New homes in Australia cost more than they should, and banks have concentrated too much on home loans at the expense of business lending, argues former ANZ director John Dahlsen.

The overheated housing market is a deep-seated problem that has existed for some time and unlikely to be solved without fundamental changes. This is a problem for politicians. Any solution will be enhanced by a well-articulated definition of the problem. The better the problem is defined, the easier to find a solution. What is the definition of the problem and what are the component parts?

The Australian Housing and Business Credit chart (below) makes clear that the four trading banks’ mix of lending between the mortgage market and the business sector has been widening for some time, with the volume of lending into the former being at the expense of the latter. The analysis, prepared by Dr Wilson Sy, formerly Principal Researcher at APRA, shows an extraordinary transformation across the 45 years from 1976 to 2021, Only in the year 2001 were mortgage and business lending in equilibrium. Many—such as National Australia Bank Limited (NAB) former CEO Don Argus—argue the business market has suffered as a consequence of banks becoming de facto building societies.

A chart of Australian Housing and Business Credit

Banks have used technology such as digitisation to strip costs out of home lending. In the business market, the banks have removed a huge number of relationship managers and are now much more reliant on technology, rules, and box ticking. It is trite to say business banking is way more complex than home lending and needs the intervention of relationship managers to understand the business model, the people, and the sector risks. The banks have nevertheless standardised business lending practices with a narrow product range. But products should fit the customer, and not the other way round. Why has this happened?

ANZ Headquarters, Docklands.

ANZ Headquarters, Docklands.
Photo: Donaldytong


One reason for the growth in home lending is APRA’s capital allocation rules. APRA deems home loans to be far less risky than business bank products, so the capital required to fund these loans is substantially less. The banks are able to leverage the lower capital required to significantly improve return on equity.

The volume of money available for home lending has pushed the growth in the value of homes and other properties, thereby inflating the values of this asset class.
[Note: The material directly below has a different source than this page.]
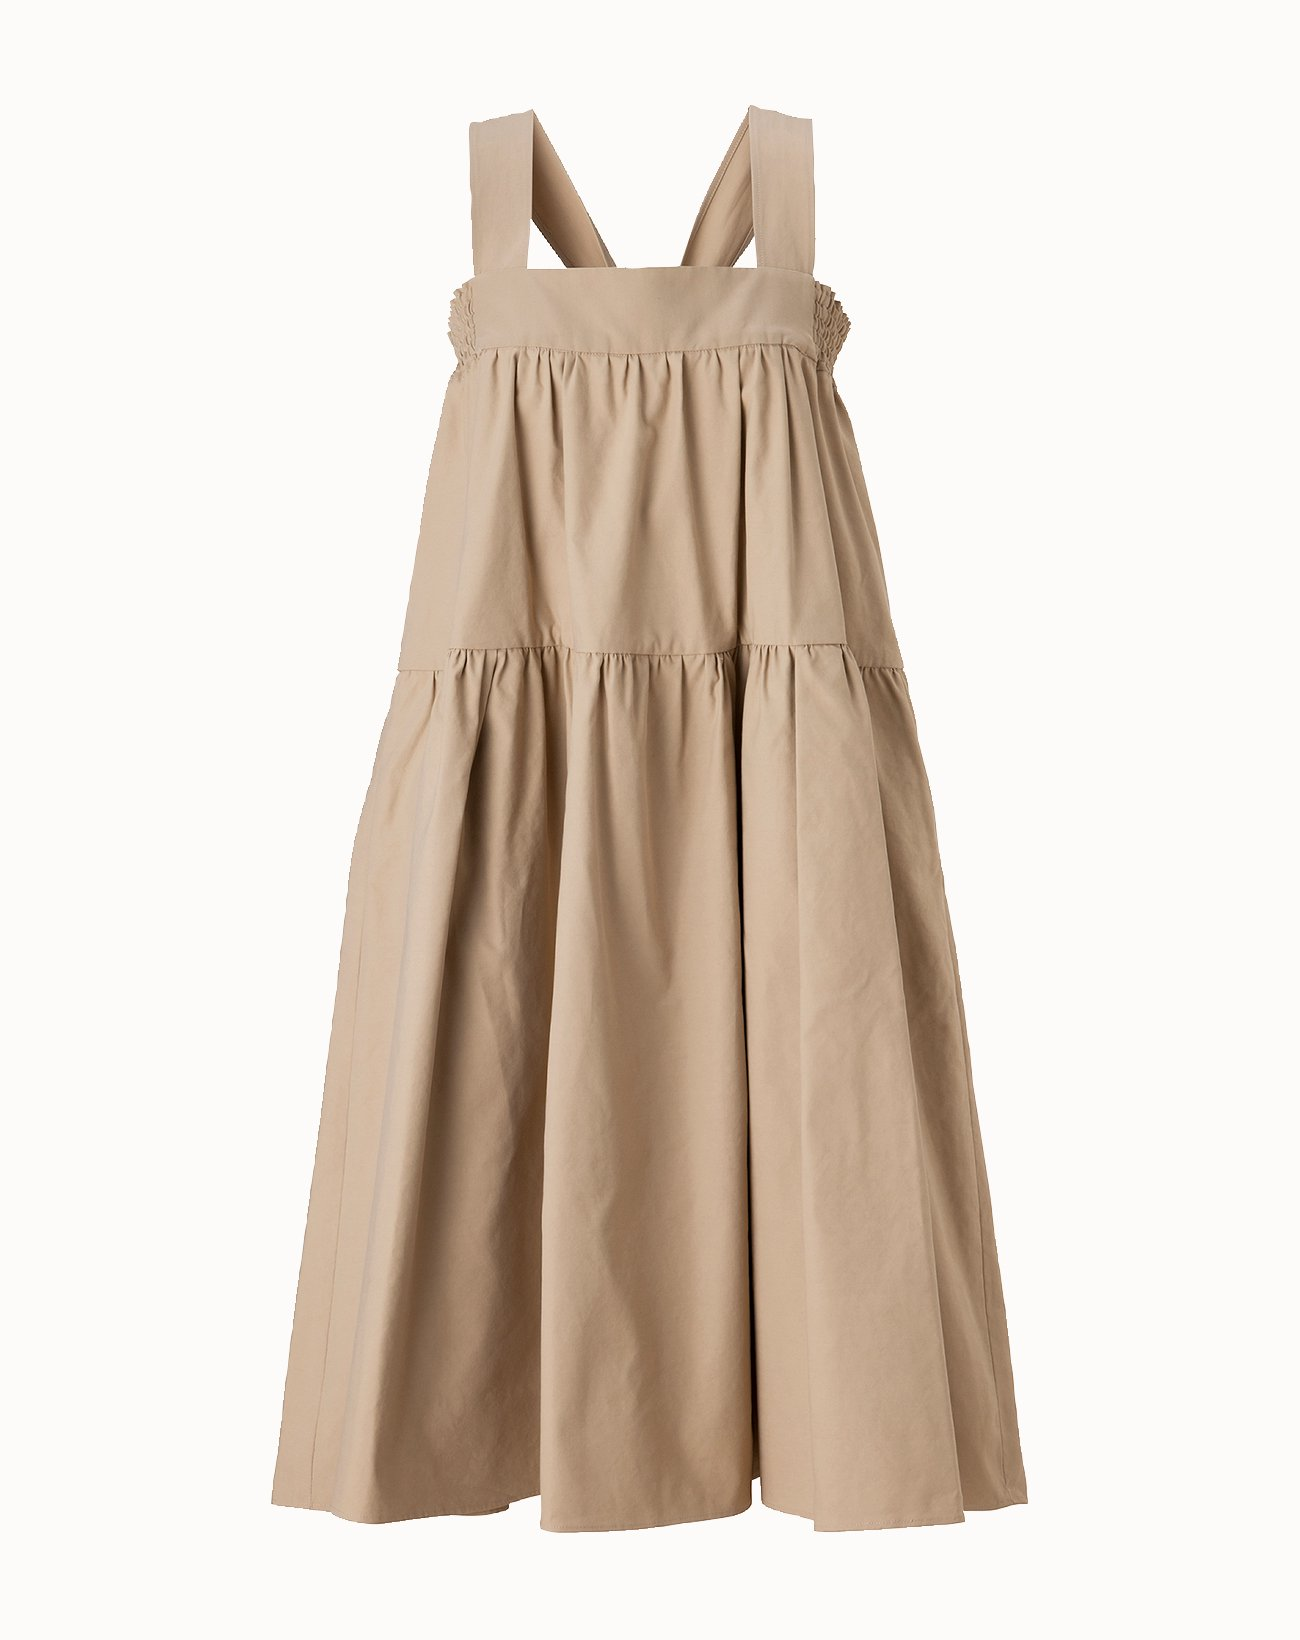 Vintage Twill Dress - Beige

It is not just low interest but also the volume of money available, but when combined it is inevitable that home asset prices will inflate and without change will continue to do so.


This is a structural defect in the portfolio of our trading banks’ home-lending assets. It has been shown that small changes in this ratio can make lenders (and borrowers) incredibly vulnerable when there are changes in income levels and/or interest rates. This means the Reserve Bank is in an extraordinarily difficult position. Many would argue the Reserve Bank’s policies are fundamentally flawed and the bank must accept some responsibility for the current mess. Australia’s Reserve Bank and APRA have been way too slow in acting and could have prevented much of the stress many homebuyers are now suffering. Labor wants to change the Reserve Bank Act and amend their charter. If it allows interest rates to rise too much in order to dampen inflation, it could cause severe problems for low-income borrowers and the banks. The Reserve Bank has led the market to believe that interest rates will stay low for some time. Many borrowers have relied upon this so if interest rates rise too much, borrowers will feel misled and this will impact the Reserve Bank’s credibility.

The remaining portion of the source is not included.